**Information supplied**

==================================================

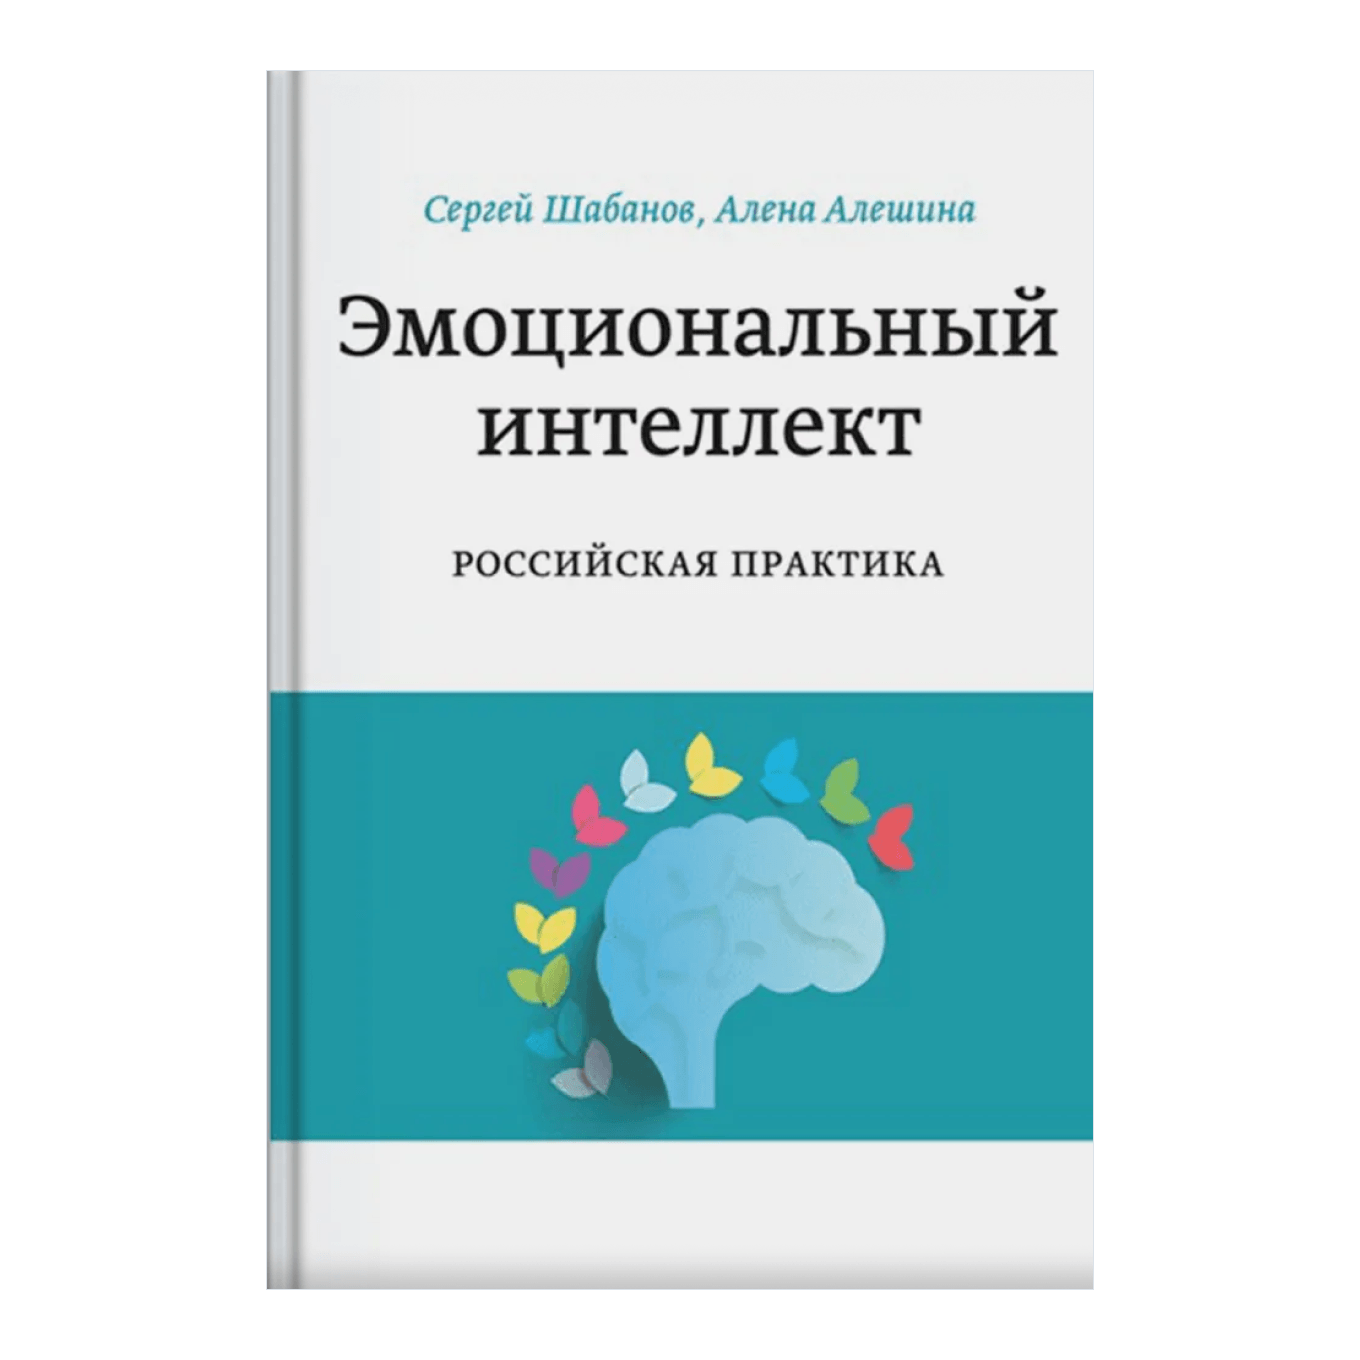 Книга Сергея Шабанова и Алены Алешиной «Эмоциональный интеллект. Российская практика»
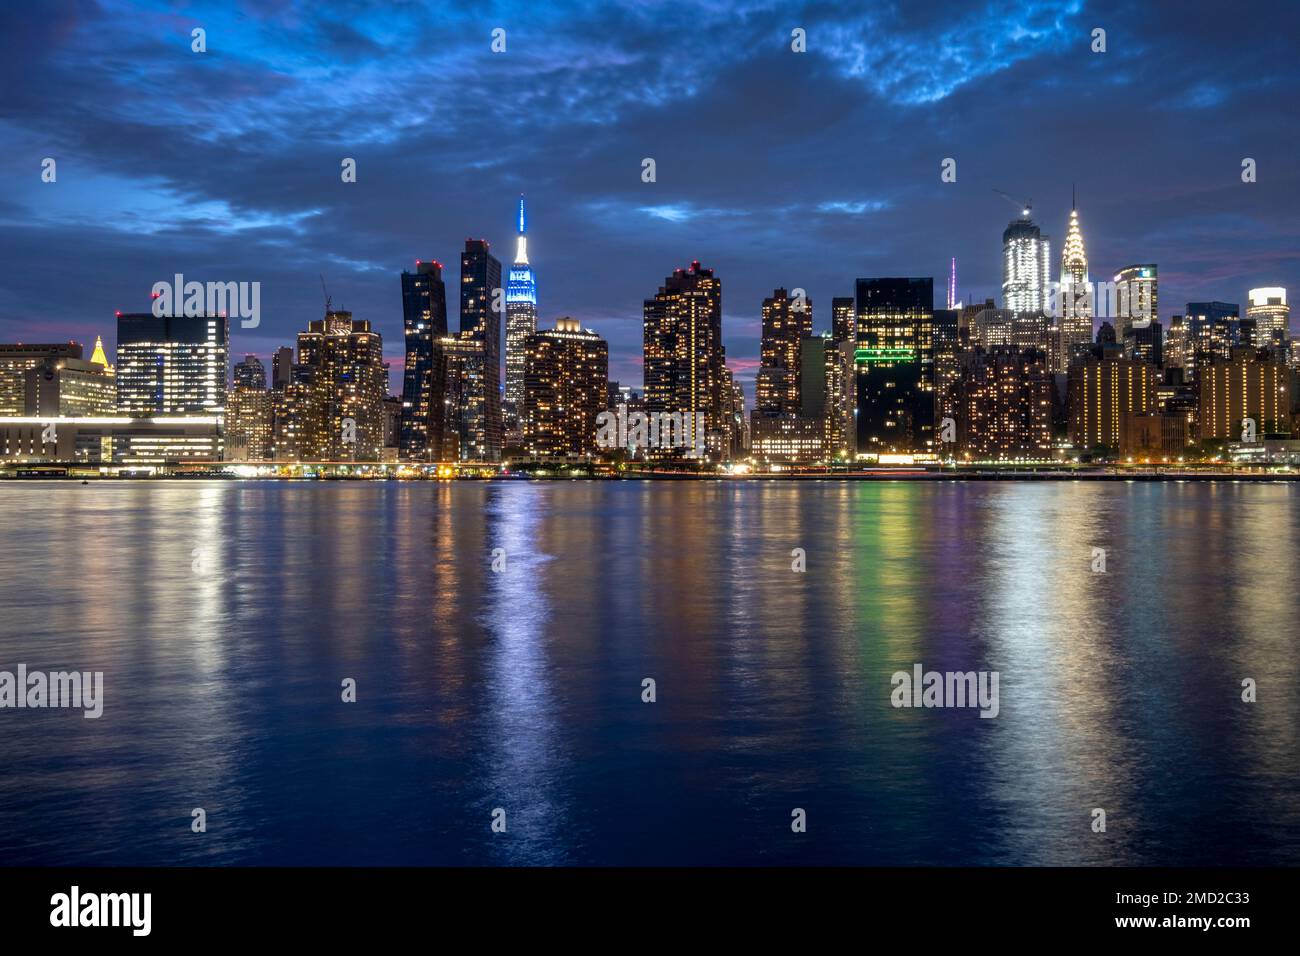 Skyline di Manhattan di notte con l'Empire State Building di fronte all'East River, New York, USA Foto Stock
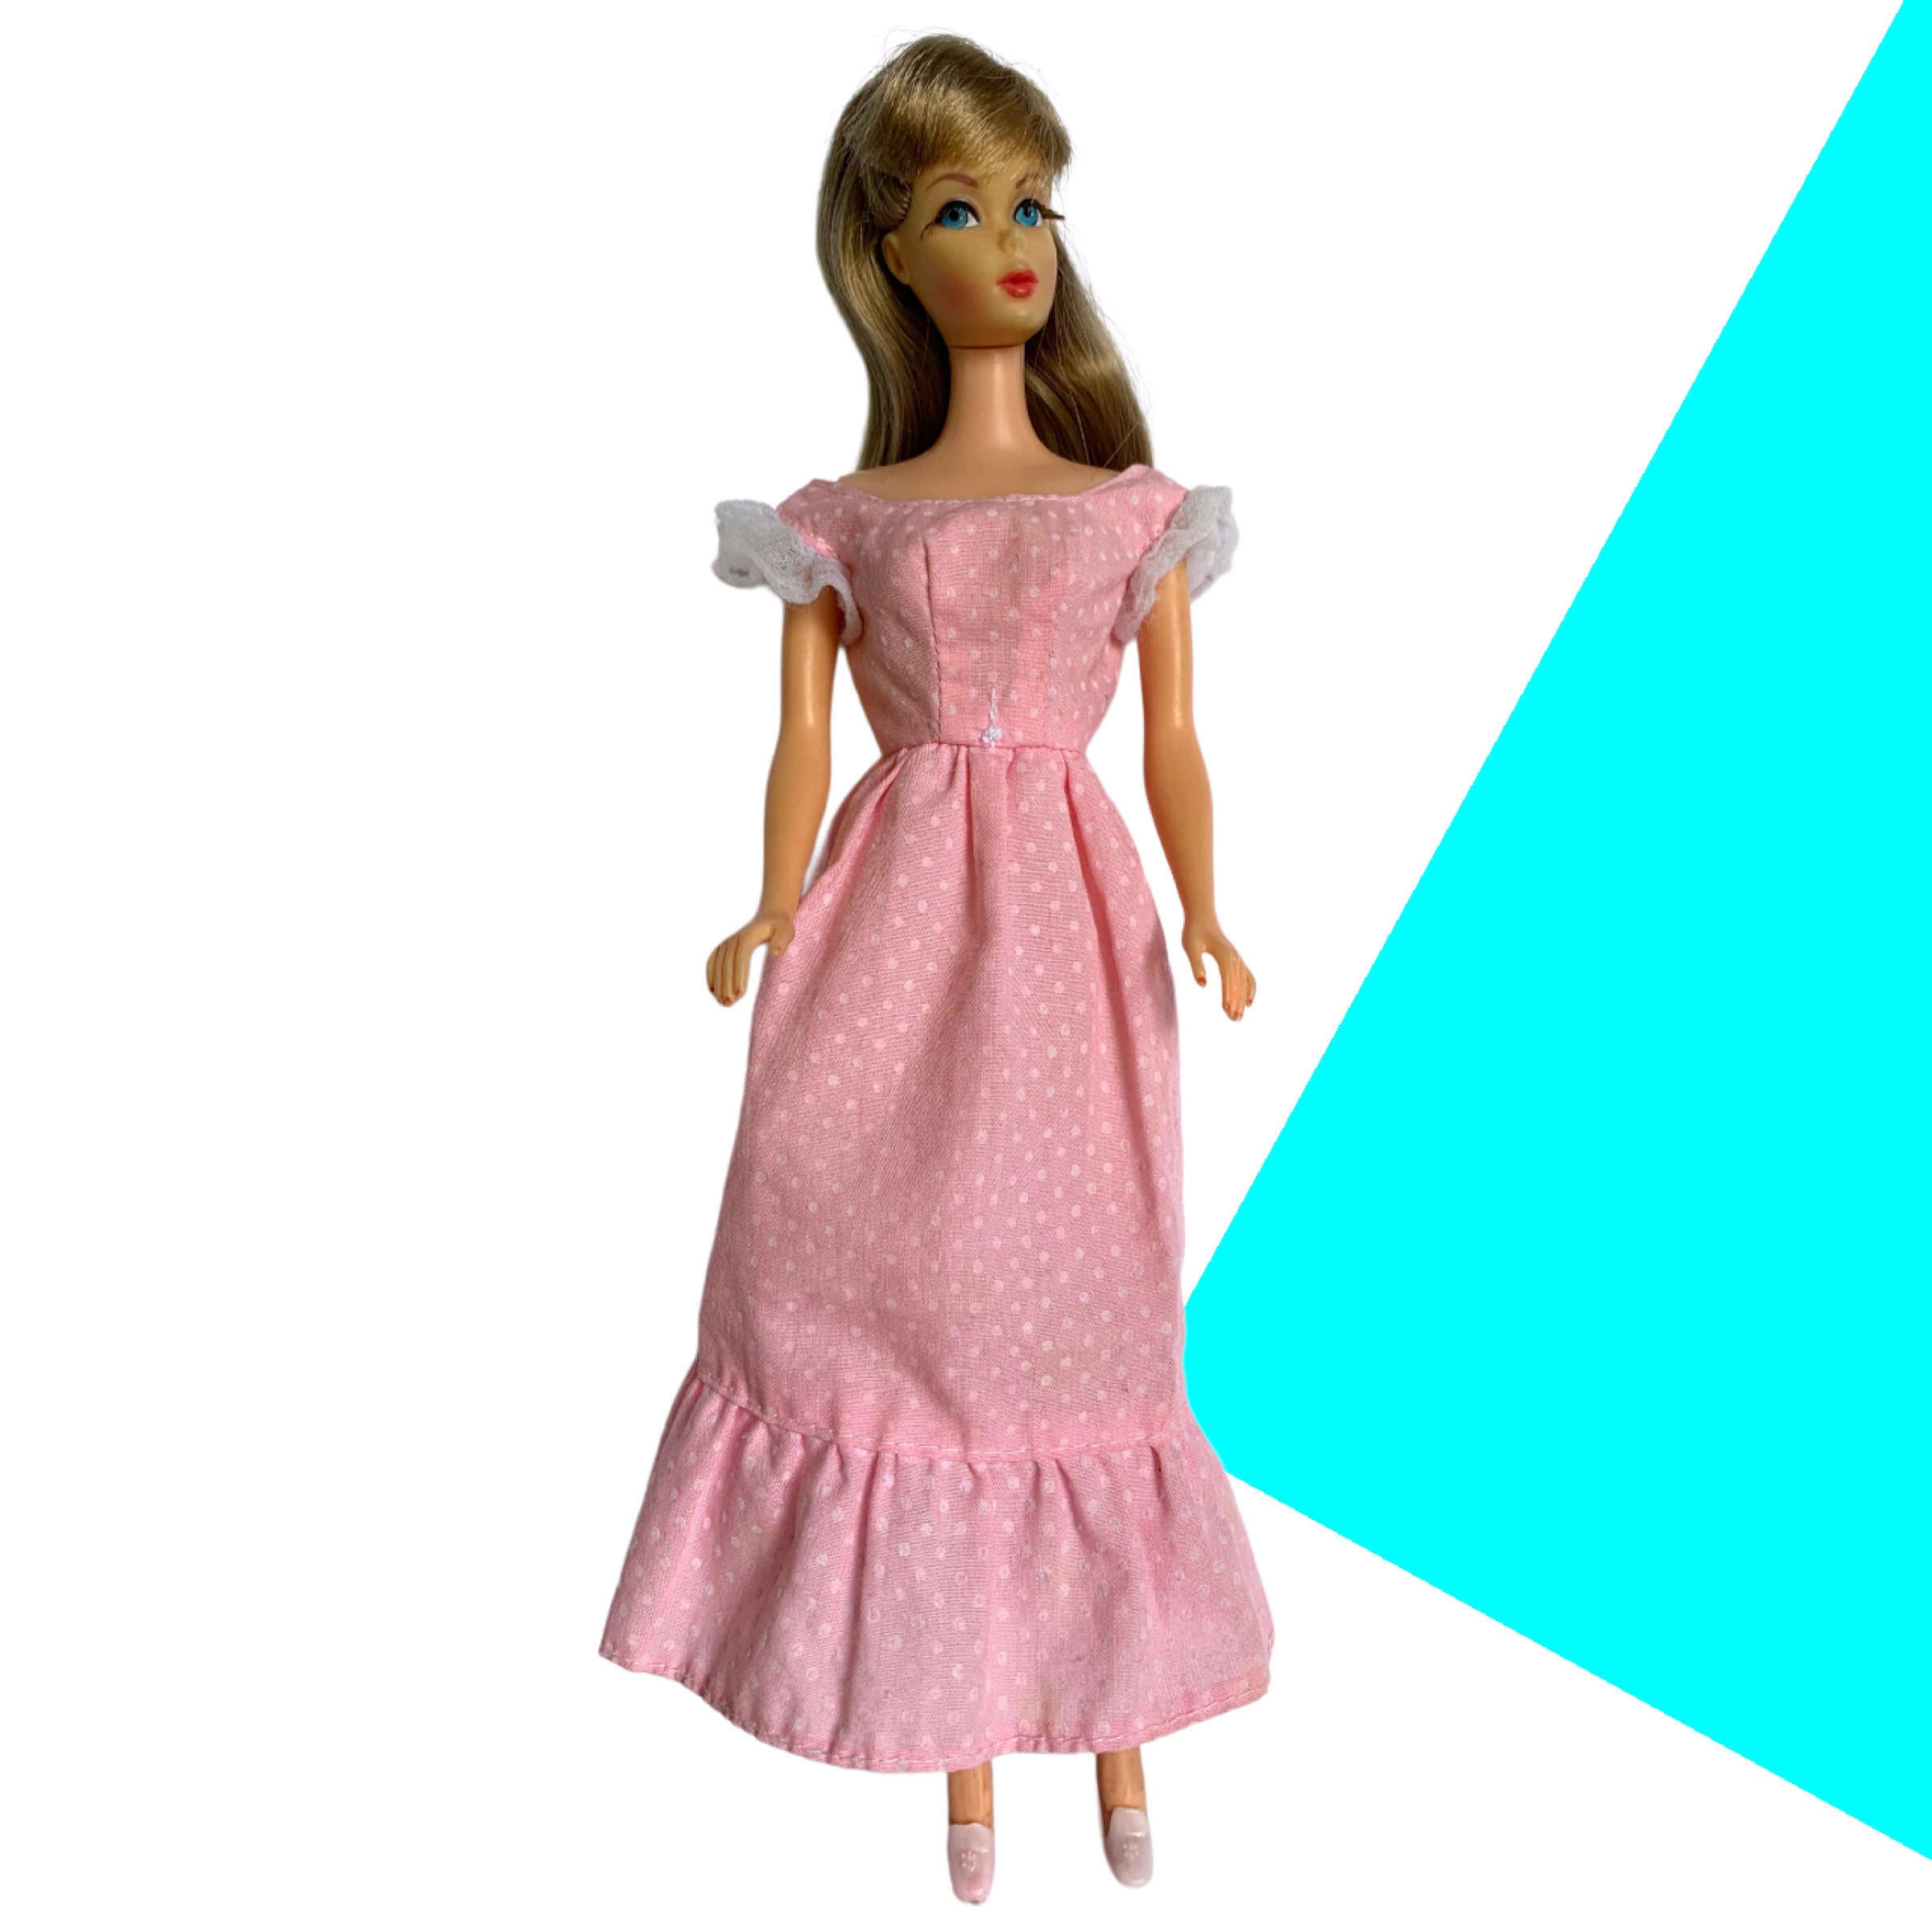 Kit compleanno 16 persone Barbie Dreamtopia

==================================================

**Work instructions**
Give back the listing word for word, minus its images.

**Output for this exercise**
 Книга Сергея Шабанова и Алены Алешиной «Эмоциональный интеллект. Российская практика»
 Skyline di Manhattan di notte con l'Empire State Building di fronte all'East River, New York, USA Foto Stock
 Kit compleanno 16 persone Barbie Dreamtopia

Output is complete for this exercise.